A Model for Integrating Elementary Neural Functions into Delayed-Response Behavior
Figure 3
Dynamics of Task, Reset, and Gating Units
The complex overall activity of the network is directed by the coordinated binary firing (either “on” or “off”) of control units, each implementing a basic function: gatings regulate the upward and downward flow of information, resets bring processors back to a null state of activity, and the task units prime activity in layer P. The units' firing patterns are grouped in three sets, each corresponding to a different task: one for fixation trials (A), one for DMS trials (B), and one for DPA trials (C). These firing patterns specify the neural computations performed by the network to pass each task.

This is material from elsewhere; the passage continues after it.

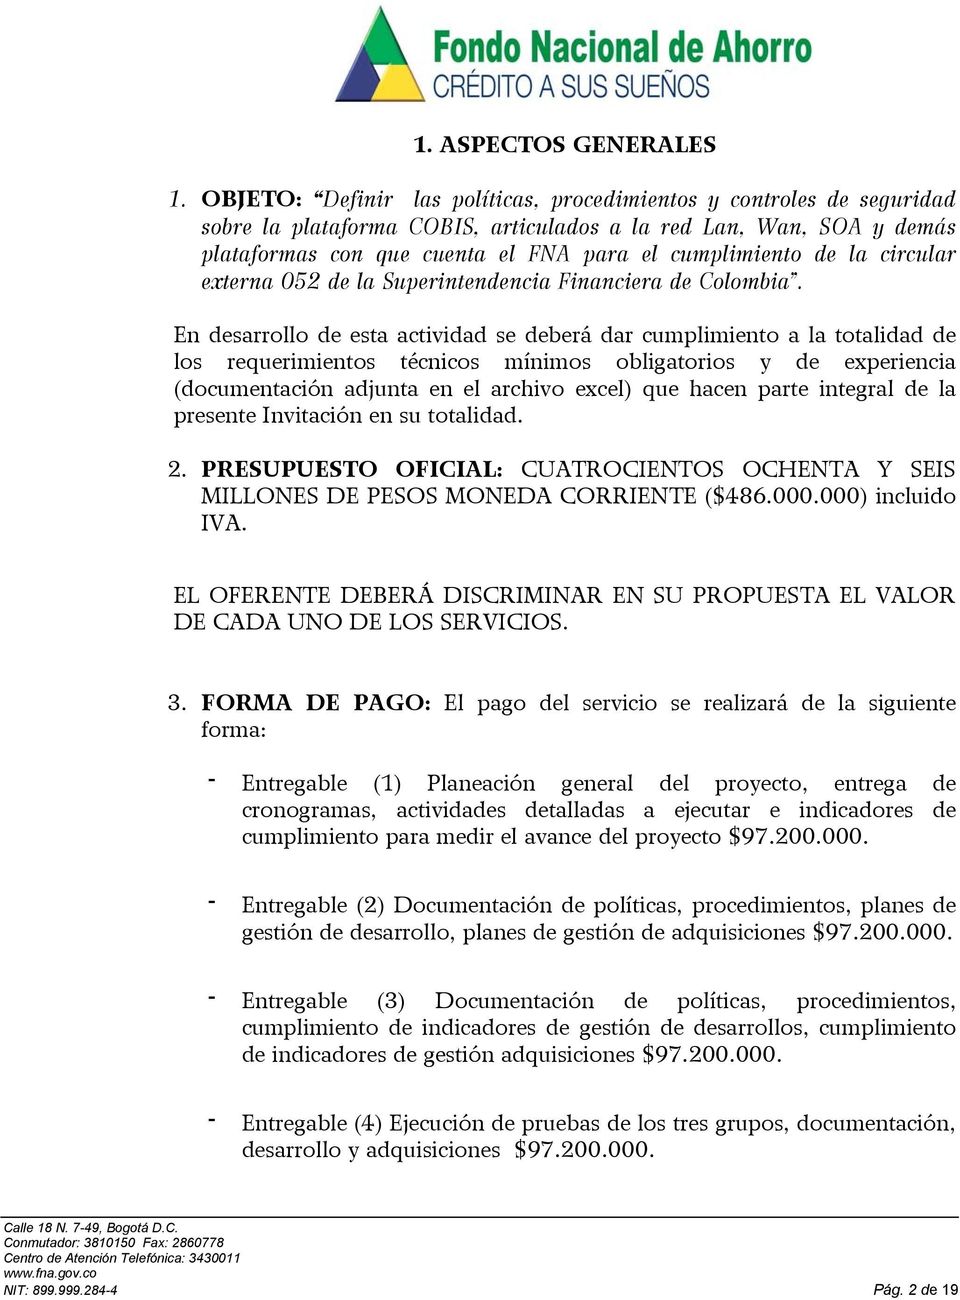 la circular externa 052 de la Superintendencia Financiera de Colombia.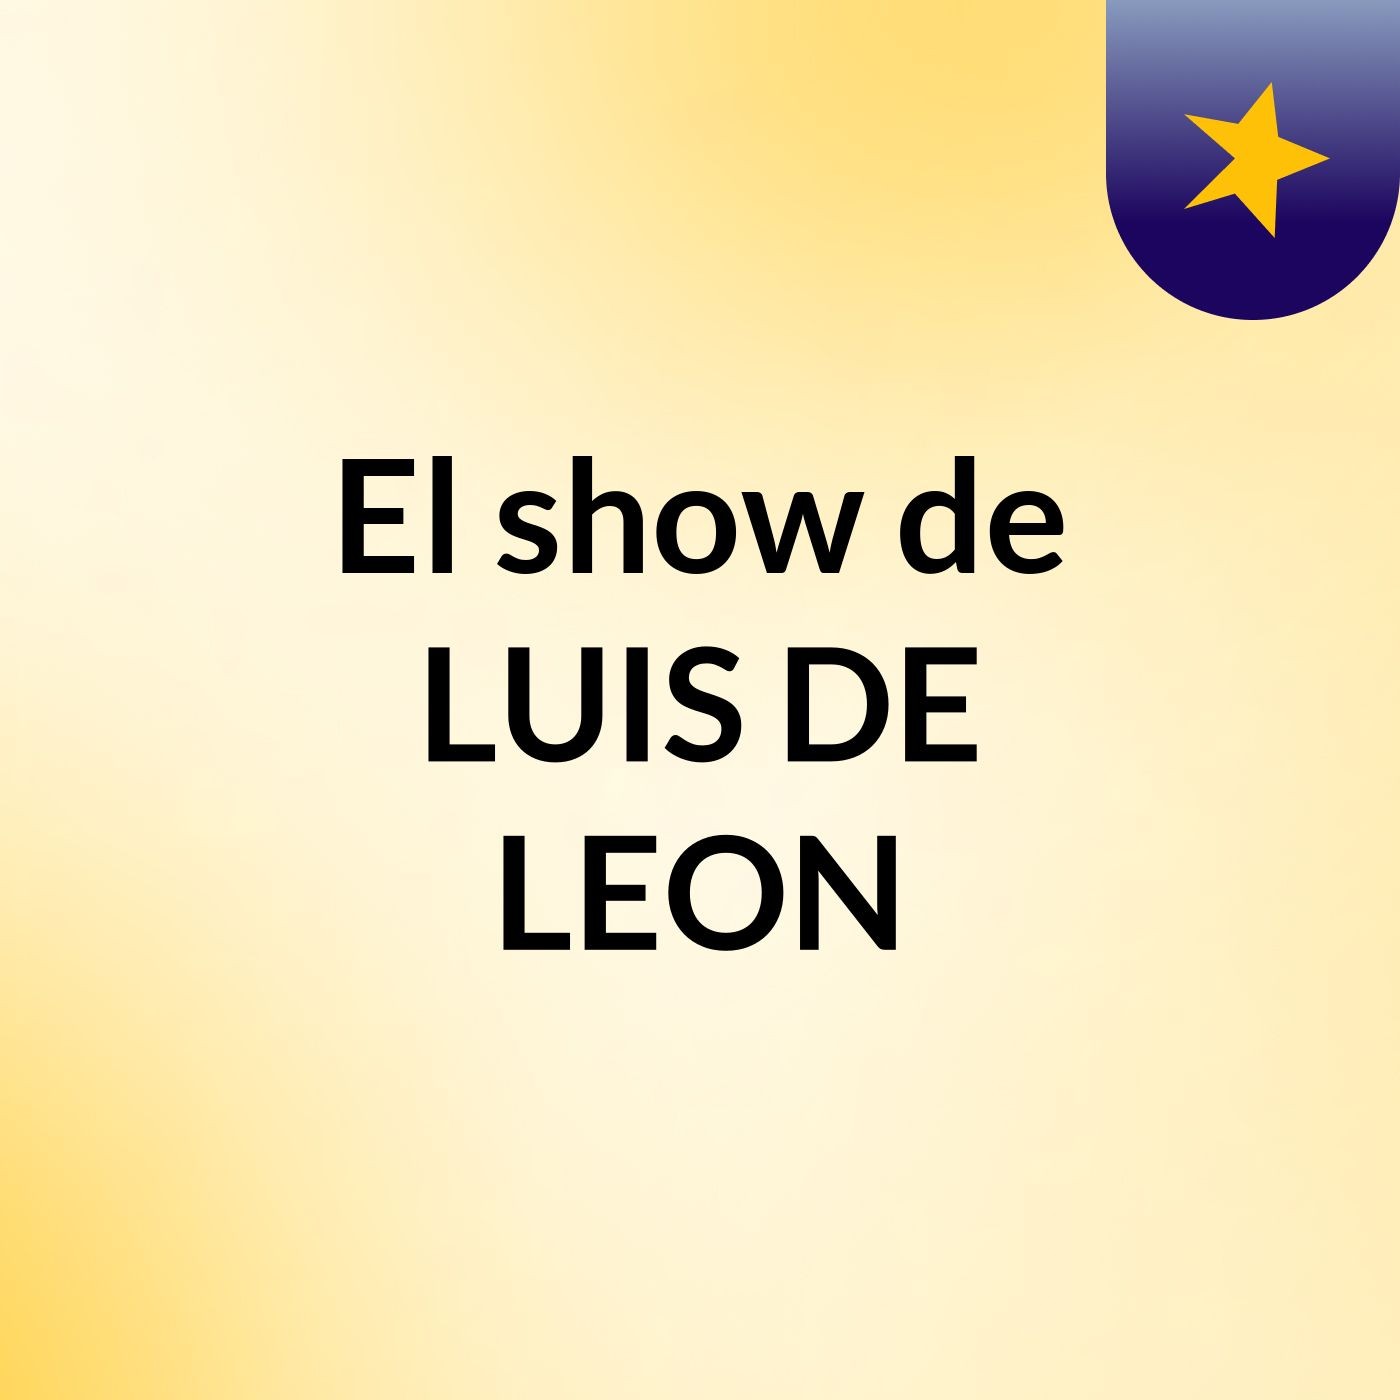 El show de LUIS DE LEON

Note that task parameters and notations are as in Figure 1, and that the activity of each control unit during the response period (which is not shown here for clarity) is identical to that during the choice period. Control unit notations are as in Figure 2.
(A) The fixation task only requires that the network observes the sample image presented at the beginning of each trial. To do this, the network first clears from its WM and P layers any activity left over from the preceding trial, and then allows visual information from the presented sample to rise into these layers.
(B) The DMS task generalizes the fixation task, requiring that the network retains the observed sample image during a delay to then match it against target and distractor images during the choice period. These operations are implemented by the above additional activities in the firing patterns of gatings Id, Gu, and Gd (see “Analysis of MDR Task Performance” for details).
(C) The DPA task is identical to DMS except that the network needs to retrieve during subdelays d2 and d3 the image associated with the sample. This recall process is implemented during these periods by additional activities for gatings Iu and Id, and the reset WM unit (see “Analysis of MDR Task Performance” for details).